Details dazu finden Sie in der recht ausführlichen (auch deutschen) Dokumentation, die zur Installationsroutine gehört und auch unter http://math.berkeley.edu/~benrg/avisynth-reference.html *). Eine andere wirklich gute Einsprungadresse zu diesem Thema ist http://www.avisynth.org/. Der ein oder andere Leser mag bedauern, dass diese Dokumente in englischer Sprache sind, aber es finden sich im Internet auch viele deutschsprachige Webseiten um das Thema zu vertiefen.


Wir wollen uns heute nicht mit den ganzen Möglichkeiten von Avisynth beschäftigen, sondern wir wollen uns nur eine kleine Facette des Programms herausgreifen.

Wie bei einer Scriptsprache üblich, werden die "Regie"-Anweisungen in ein Script geschrieben - also in eine Textdatei - in unserem Fall, mit der Endung *.avs.

Nachstehend will ich Ihnen ein solches Script einmal vorstellen. Ziel dieses Scripts ist es, einige AVI-Dateien miteinander zu verbinden und somit quasi eine einheitliche große Datei an VirtualDub oder TMPGEnc (um nur einmal zwei typische Anwenderprogramme zu benennen) zu übergeben.

Avisynth generiert dabei aber keine neue Datei. Es operiert mit einem "fake file", das ist im Prinzip erst mal nur eine Textdatei, die aber von einigen Programmen als AVI interpretiert wird.
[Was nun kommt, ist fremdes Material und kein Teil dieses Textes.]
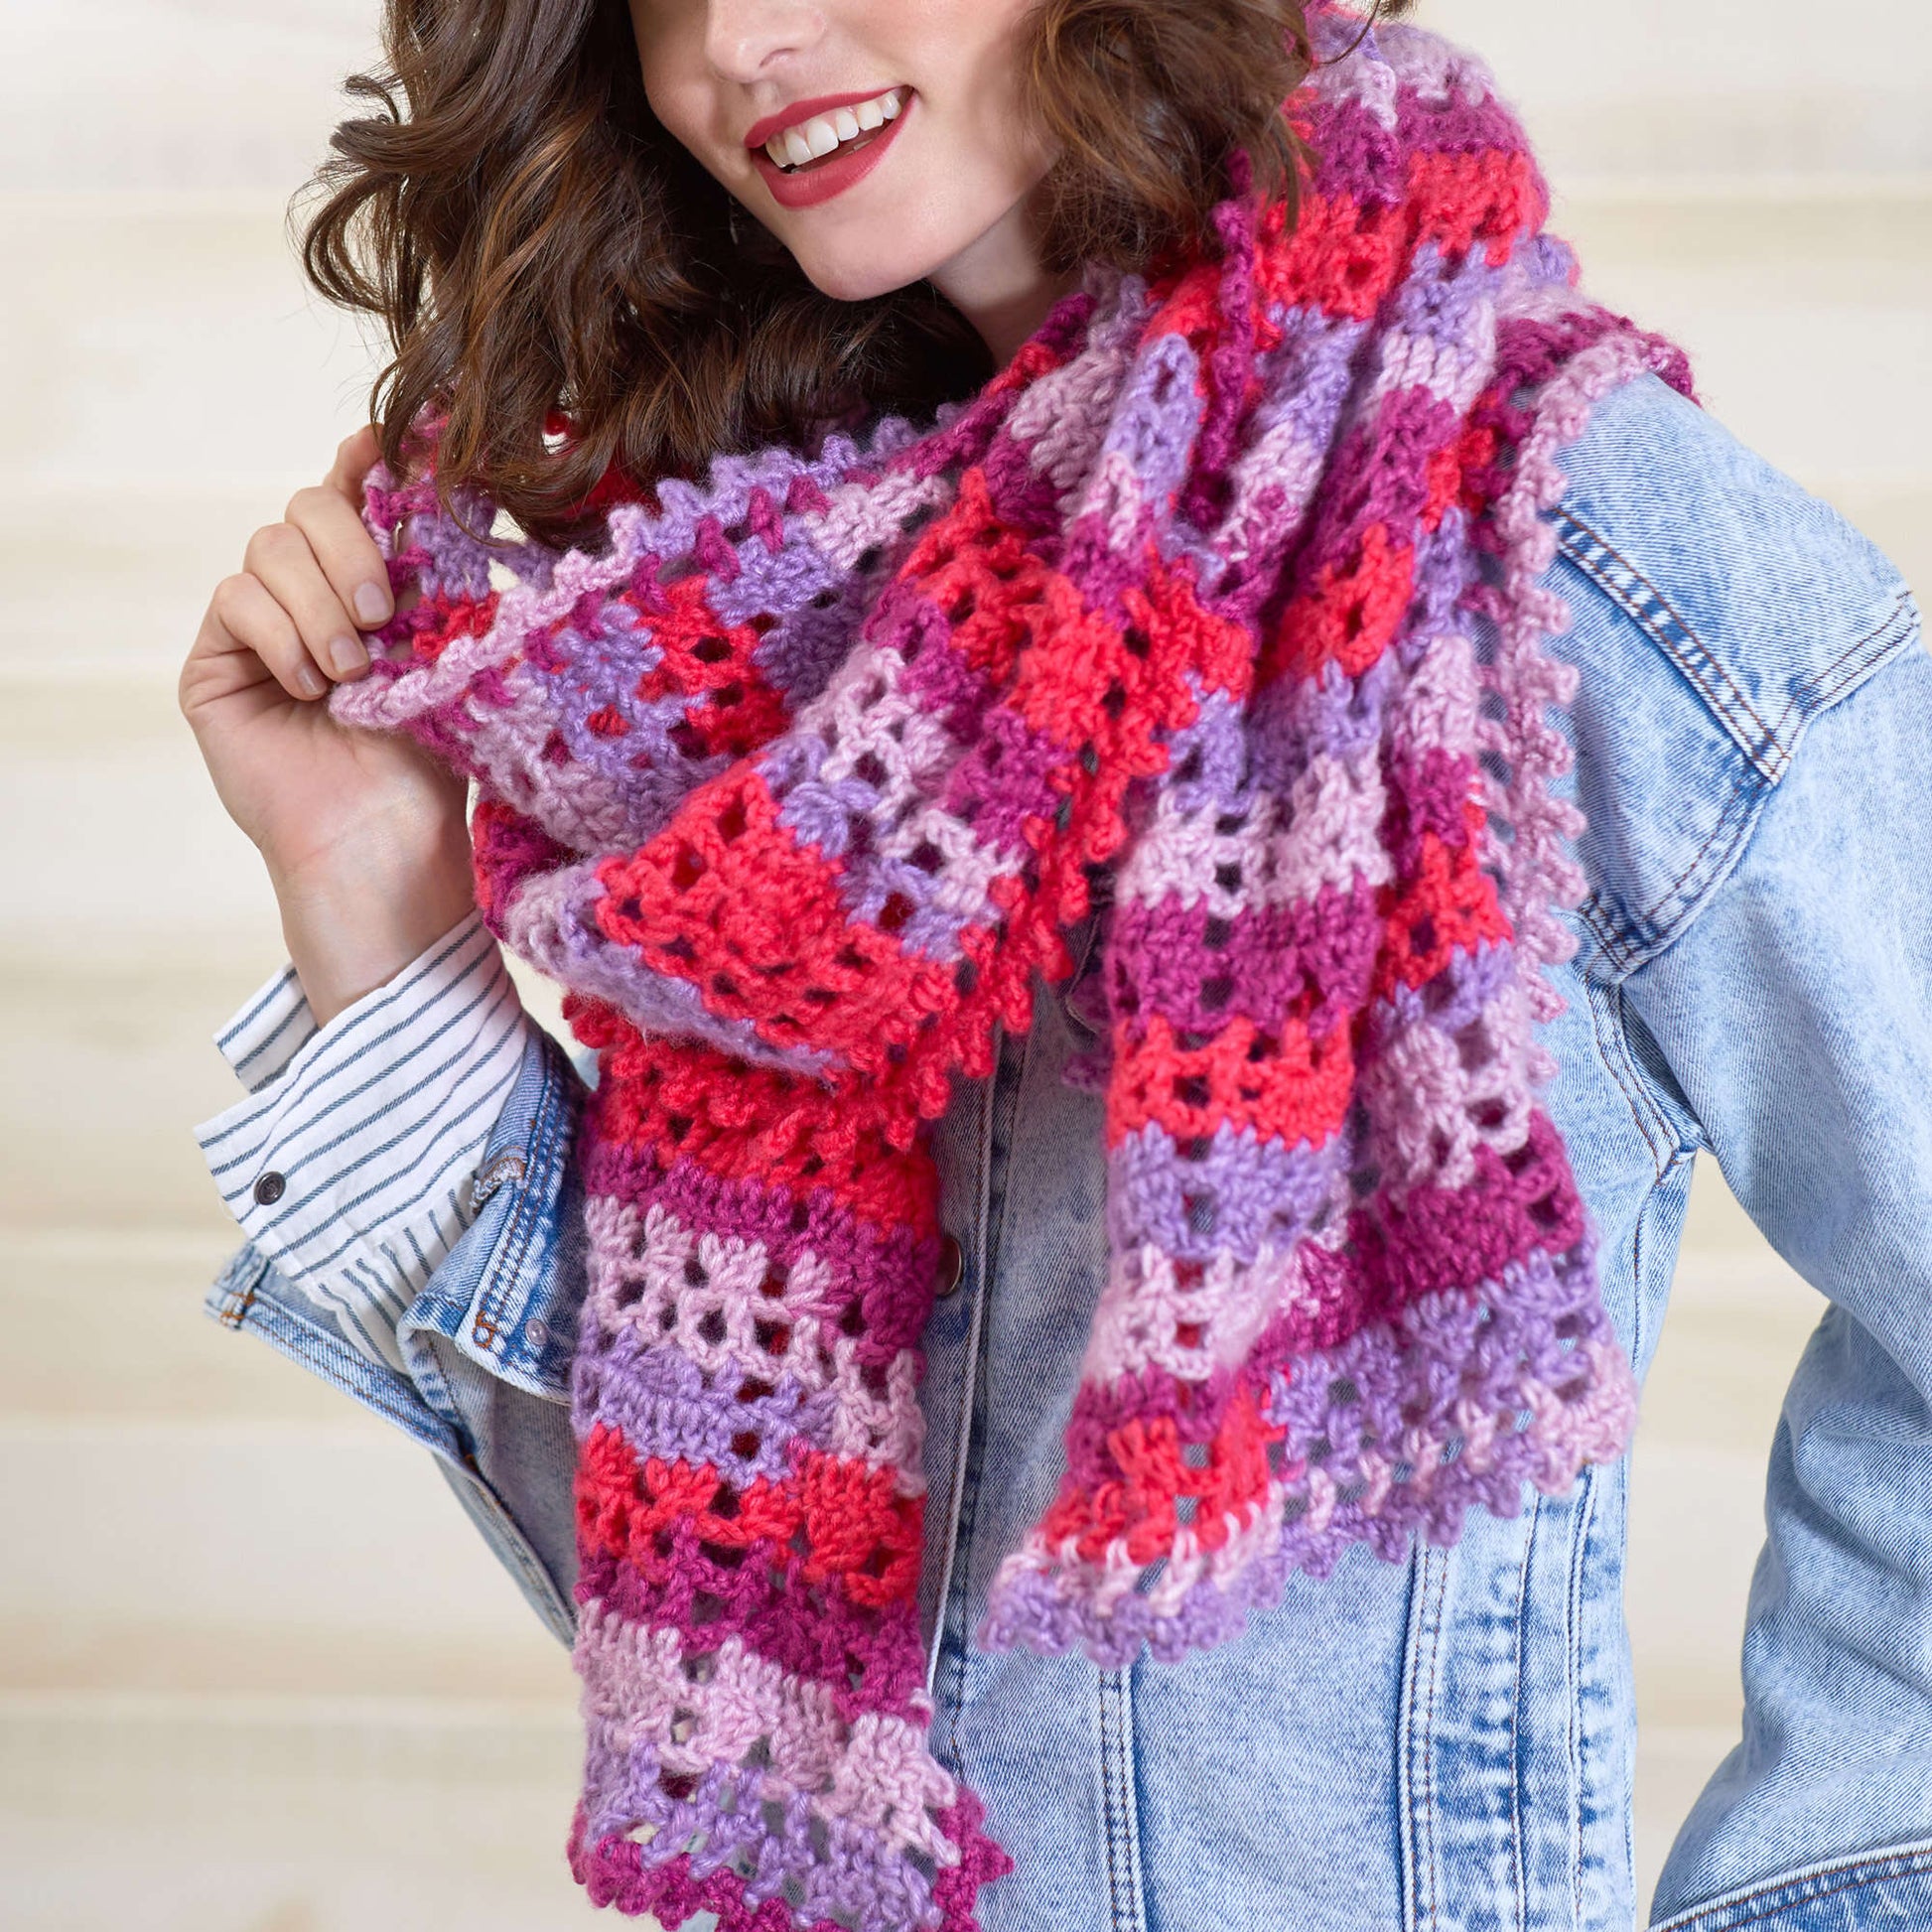 Free Red Heart Heartwarming Crochet Scarf by Susan Heyn Pattern

Die eigentlichen Zielprogramme wie z.B. VirtualDub oder TMPGenc können die Scriptdatei öffnen und behandeln diese wie ein echtes AVI-File. Es macht dabei also keinen Unterschied, ob VirtualDub direkt das Ursprungs-AVI oder die *.AVS-Scriptdatei öffnet und zur Anzeige bringt oder ausführt. Avisynth läuft dann zwischenzeitlich im Hintergrund und generiert in Abhängigkeit von den Scriptanweisungen Video- und Audiodaten und übergibt diese dem Zielprogramm.

Mit einem solchen "Frameserving" können wir also den Codieraufwand verringern, da man mehrere Schritte (wie z.B. das Abschneiden von Bildrändern oder die Veränderung von Farbton, Sättigung und Helligkeit) in einem Script vereinen kann.

Doch kommen wir zurück zu unserem "Vereinigungs-Script".

Mittels eines Texteditors (wie z.B. UltraEdit-32 von http://www.ultraedit.com) oder einfach mittels NOTEPAD.EXE aus Ihrem Windows-Betriebssystem, erstellen Sie eine einfache Datei mit dem Inhalt:

  • AVISource("J:\dv01.avi")

und speichern diese unter "uniting.avs" (oder einem anderen beliebigen Namen) ab. Achtung! Sie sollten zur Erstellung nur einen Editor benutzen, der keine Steuerzeichen generiert und sollte er die Datei nur im Textformat *.txt abspeichern können, so müssen Sie das File nachher in *.avs umbenennen.

Dabei ist "dv01.avi" jetzt in unserem Beispiel die Datei, die wir eigentlich sehen bzw. weiterreichen wollen. (Passen Sie Ihren Path entsprechend an.)

Der eigentliche Befehl heißt im Prinzip soviel wie, nehme die Datei "dv01.avi"  und bringe sie zur Anzeige. Wir fangen bewusst mit nur einem AVI an, um die Darstellung zu testen.

Im nächsten Schritt nehmen wir die Datei uniting.avs" und öffnen diese mit VirtualDub. (File / Open video File).

Die aktuelle Version von VirtualDub (zwischenzeitlich auch mit einer P4-Optimierung) finden Sie übrigens auch bei SourceForge unter http://sourceforge.net/projects/virtualdub/ oder als modifizierte Version von A.Dittrich unter http://www-user.rhrk.uni-kl.de/~dittrich/sync/. Übrigens: SEHR zu empfehlen.

A. Dittrich schreibt dazu:

"Mit dieser Modifikation wurde versucht, ein grundsätzliches Synchronisations-Problem zu beheben, welches immer dann auftritt, wenn mittels TV-Karte das Videosignal aufgenommen wird und mit einer separaten Soundkarte das Audiosignal. Folge sind 'dropped Frames' beim Capturen, die in regelmäßigen Abständen von 1-10 Minuten auftreten und nahezu unabhängig vom verwendeten Capture-Programm sind. VirtualDub_sync vermeidet diese Art von 'dropped Frames' ".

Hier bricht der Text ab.